Environmental Educator: Lindsay Seely

Lindsay Seely teaches Earth & Environmental Science at Dutchtown High School, where she uses a variety of lessons and activities that keep her students immersed in learning about our environment.

Q:  What subject(s) & grade(s) do you teach? 

A:  I teach Earth Science (11-12) and Environmental Science (10-12) in Ascension Parish at Dutchtown High School. 

Q:  Why is it important to you to teach about Louisiana wetlands, and how does it align with your teaching philosophy?   

A:  It is important to me to teach about our wetlands because they are at the core of who we are as Louisianians. They play such critical roles in our state and we are all impacted by them in one way or another. If students aren’t exposed to the environment that directly surrounds them, they are missing out on so much. I try to engage my students in a variety of ways to keep them interested in the content, and the best way to do that is to immerse them in activities that will get them involved in environmental education about our wetlands. I love being outside as well as sharing my passion and knowledge of the outdoors with my students, and I believe I am making a difference in their lives by getting them excited about our environment. 

Q:  In what ways do you encourage your students to be proactive/involved in environmental stewardship? 
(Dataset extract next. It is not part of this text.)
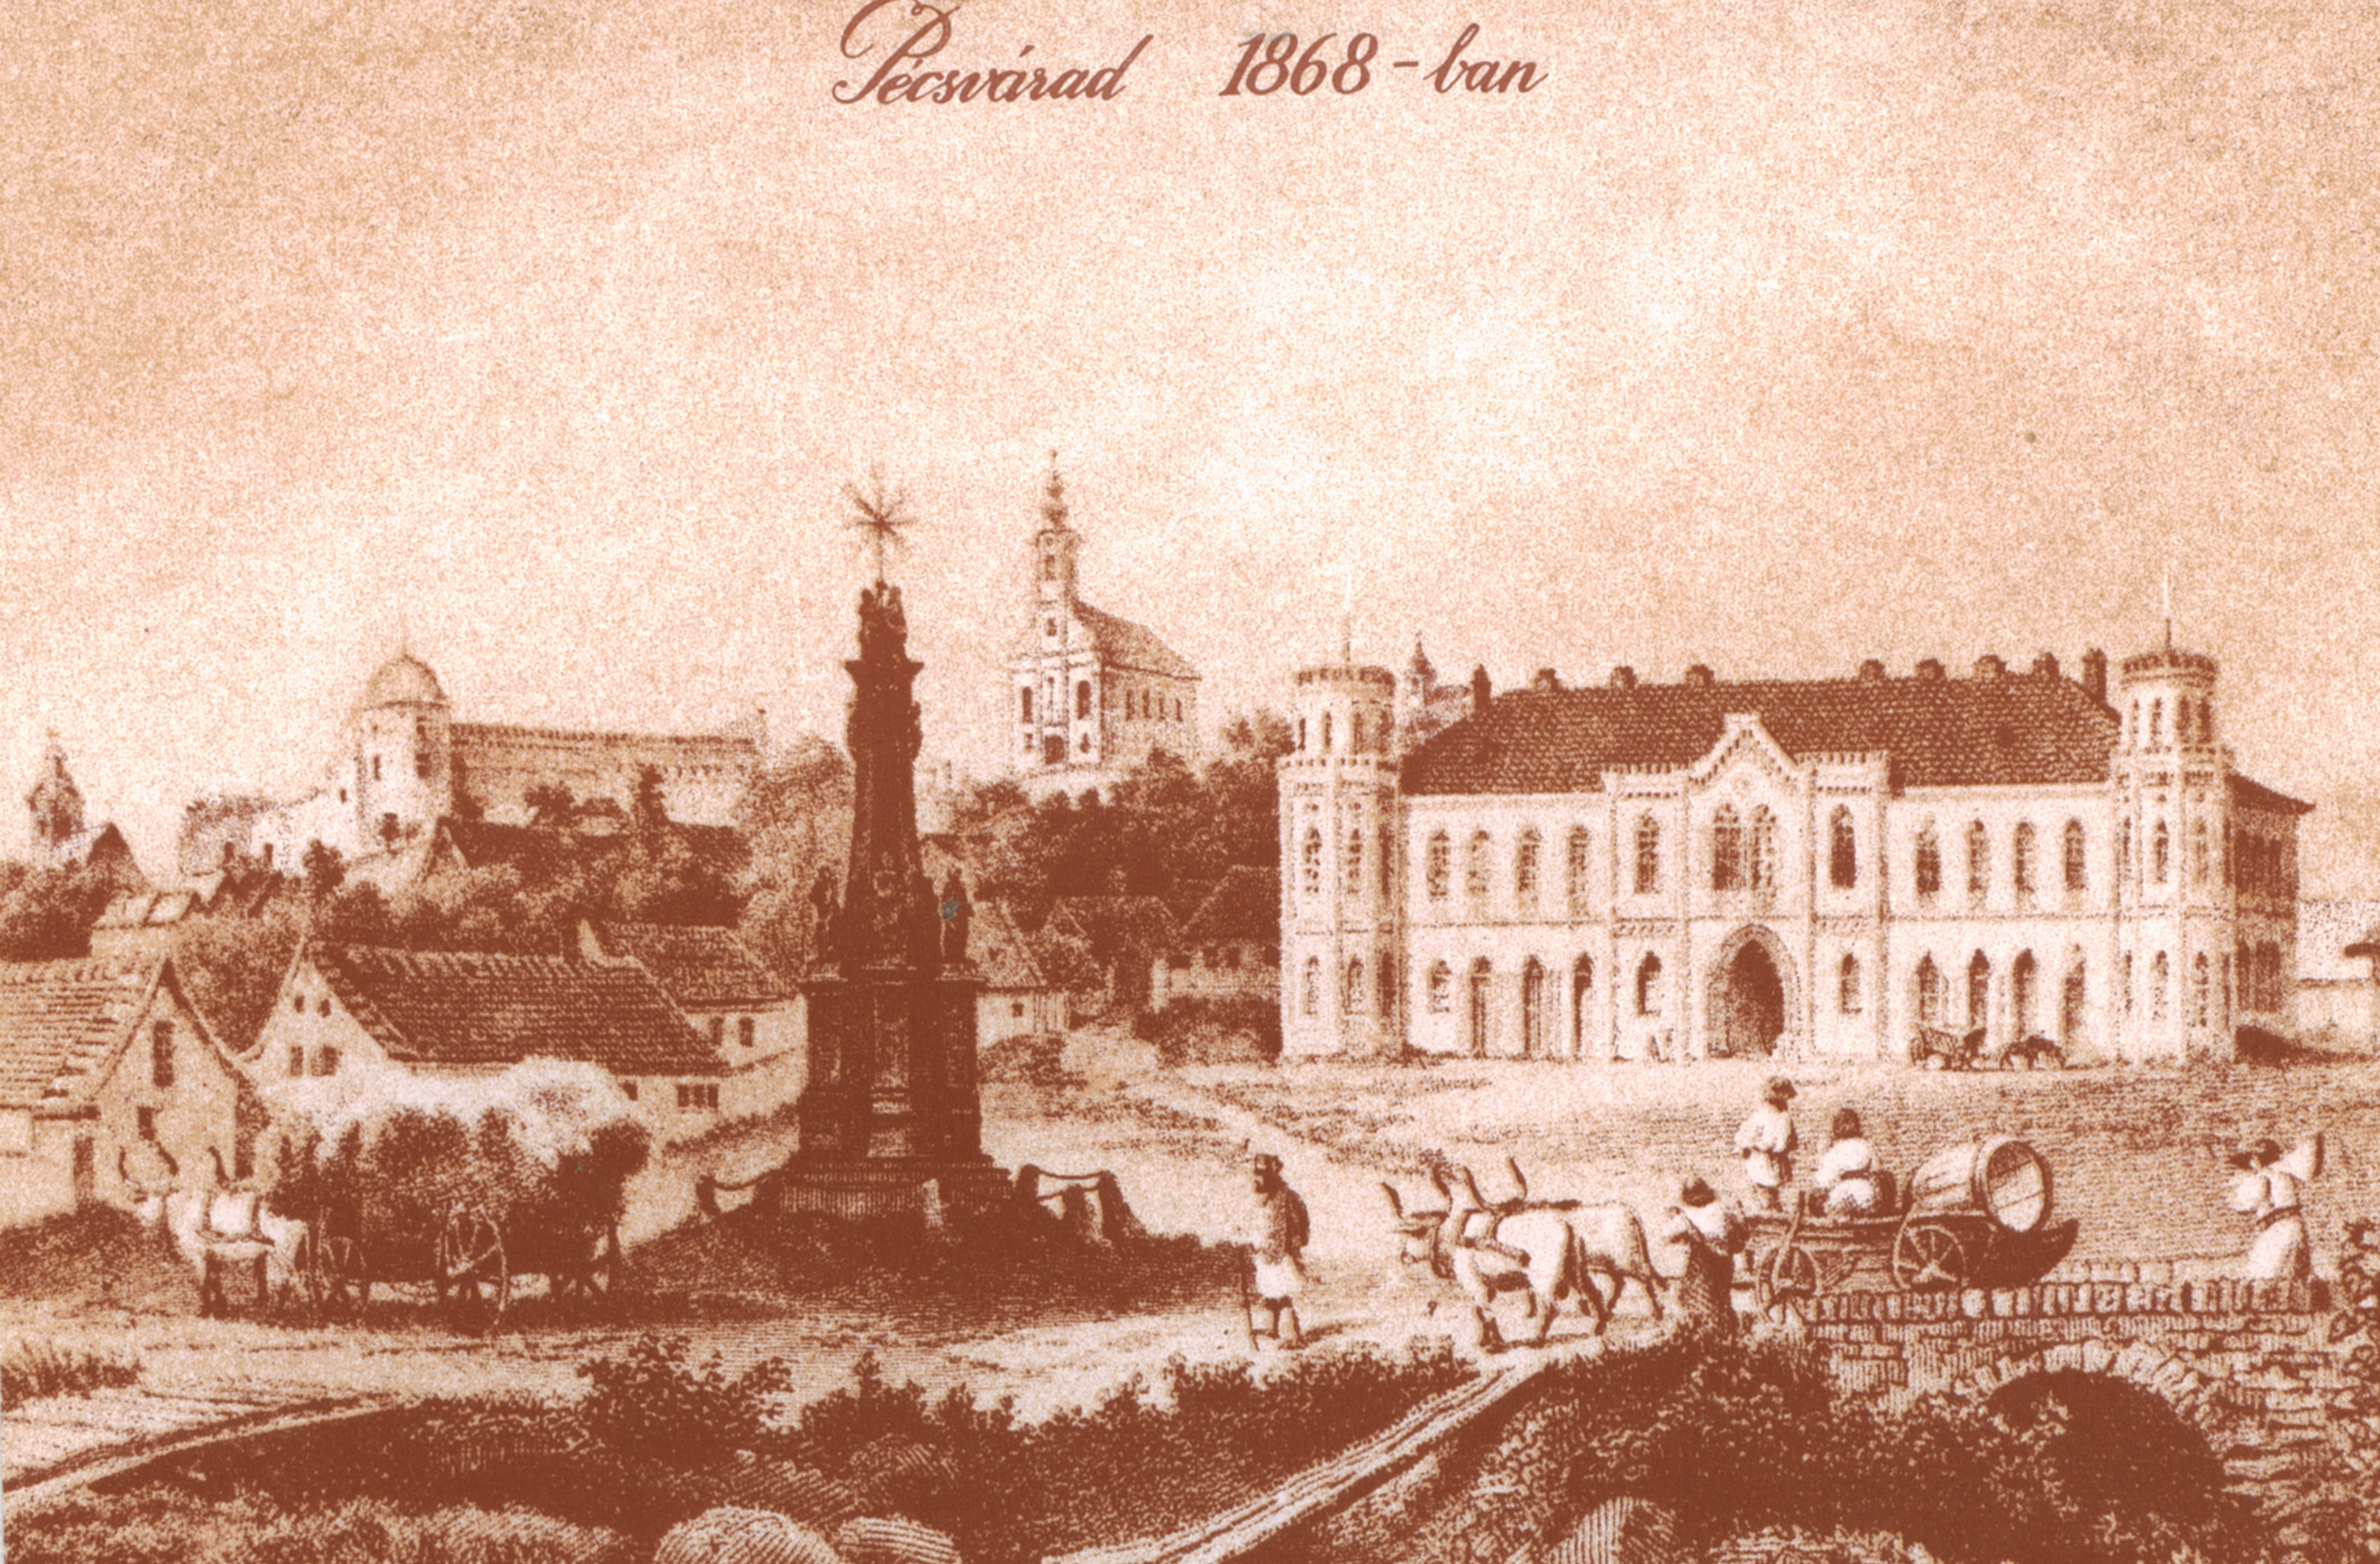 Pécsvárad Ludwig Lohbock metszete a 1870-es évekbeli városról
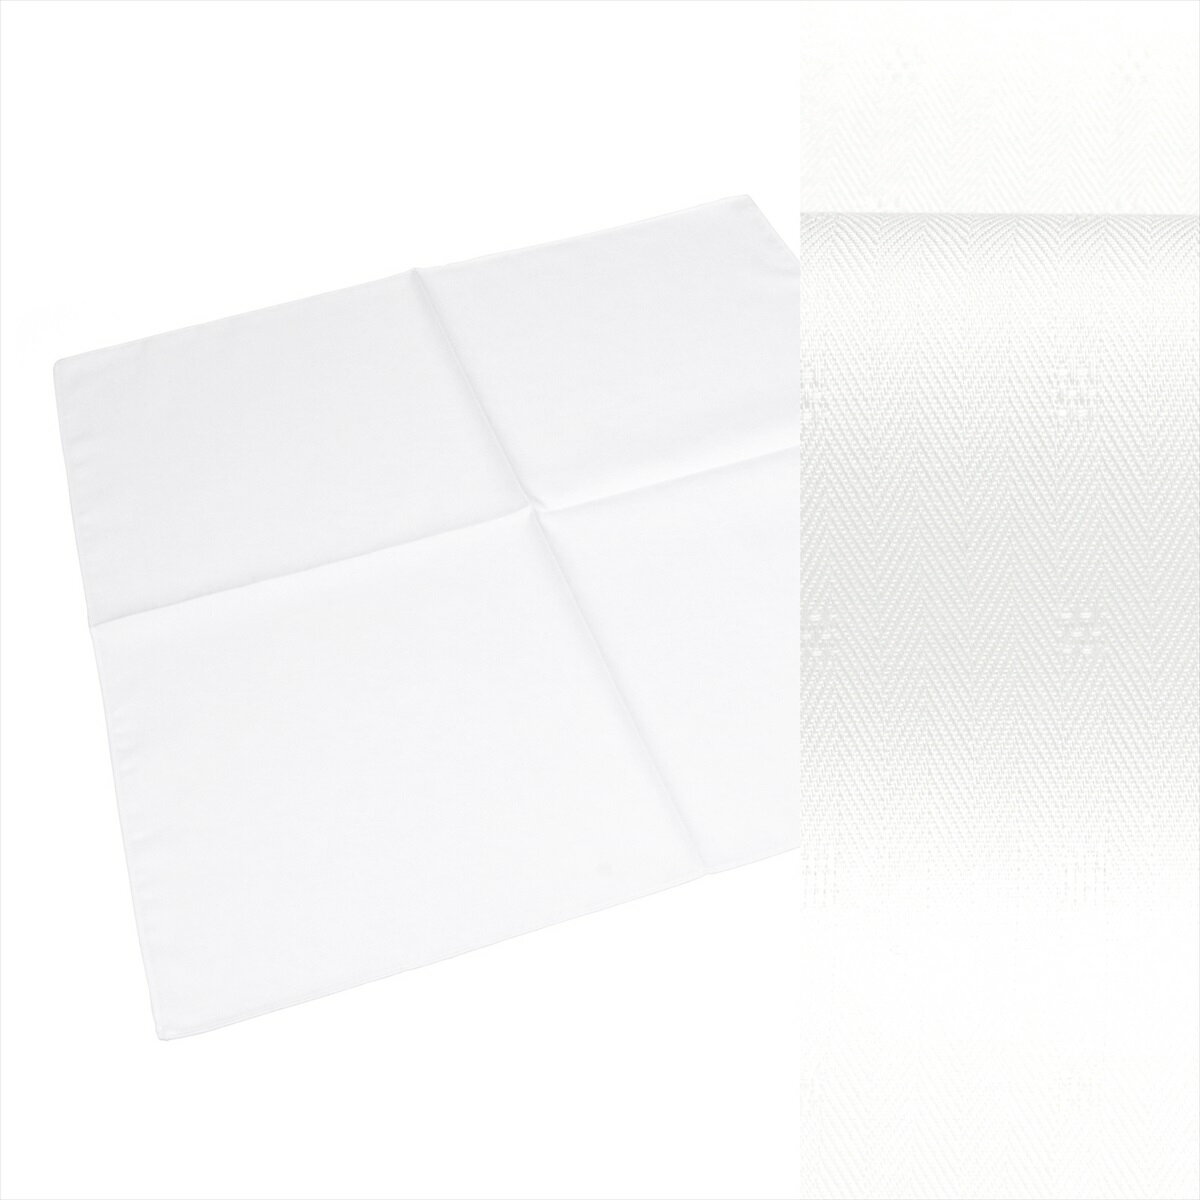 形態安定ハンカチーフ ハンカチ / メンズ / レディース / 日本製 綿100% 白系 小紋織柄

A:  Because of my passion for the outdoors and personal experiences that have given me opportunities to learn more about our wetlands, I think it’s hard for them NOT to be encouraged by what they are learning in and out of my classroom. A lot of my students don’t realize how dire our situation is in Louisiana and want to take action after being in my class. I have had several former students contact me to tell me they changed their majors in college because of being in my class, and that is such a blessing to me to know I had that kind of impact on their lives. 

I am very adamant about recycling in my classroom so they quickly learn not to throw items away that should be recycled. Additionally, we are part of the LSU Coastal Roots Program (we grow native tree species on our campus and plant them in a local BREC park in the Baton Rouge area) which is a great way to get my students involved in being better stewards, and it is really eye-opening to them when they realize how important this work is to the environment. 

Q: Describe your favorite lesson/activity that you use in your classroom to teach about Louisiana  wetlands.   

A:  This is a tough one because I have had so many amazing experiences doing various workshops around our state, and I am able to take all of that information back to my classroom to share with my students. I guess if I had to pick one though it would probably have to do with water quality testing on campus and mapping stream/river pathways using the USGS Streamer website. The combination of these activities is a great way to show students the impacts they can directly have on our wetlands if they are not careful about how they dispose of their trash. My students made story maps about our local waterways and the pollutants that are found in them. I used this activity as my capstone project for my National Geographic Educator Certification two years ago and won a national award for the ESRI Teacher Challenge on how I use GIS in my classroom last year. It was very rewarding for me to see how much they appreciated this activity because it truly opened their eyes to issues going on around us in our part of the state. 

Q:  What would you say to a student who is hesitant or not interested in participating in a lesson about  Louisiana wetlands? 

A: I would tell them to take the time to experience being in one of our many wetlands throughout the state. I would hope they would come back to tell me how enjoyable it was or what a great learning experience it was. I might ask them a series of questions like “Do you enjoy hunting or fishing? Do you enjoy birdwatching? Do you enjoy nature photography? Do you enjoy eating Louisiana seafood? Do you enjoy recreational activities throughout our state?” If they answer “Yes” to any of these questions, then they have a connection to our wetlands. Making the content relevant to their lives is critical to keeping them interested, engaged, and motivated to be better environmental stewards.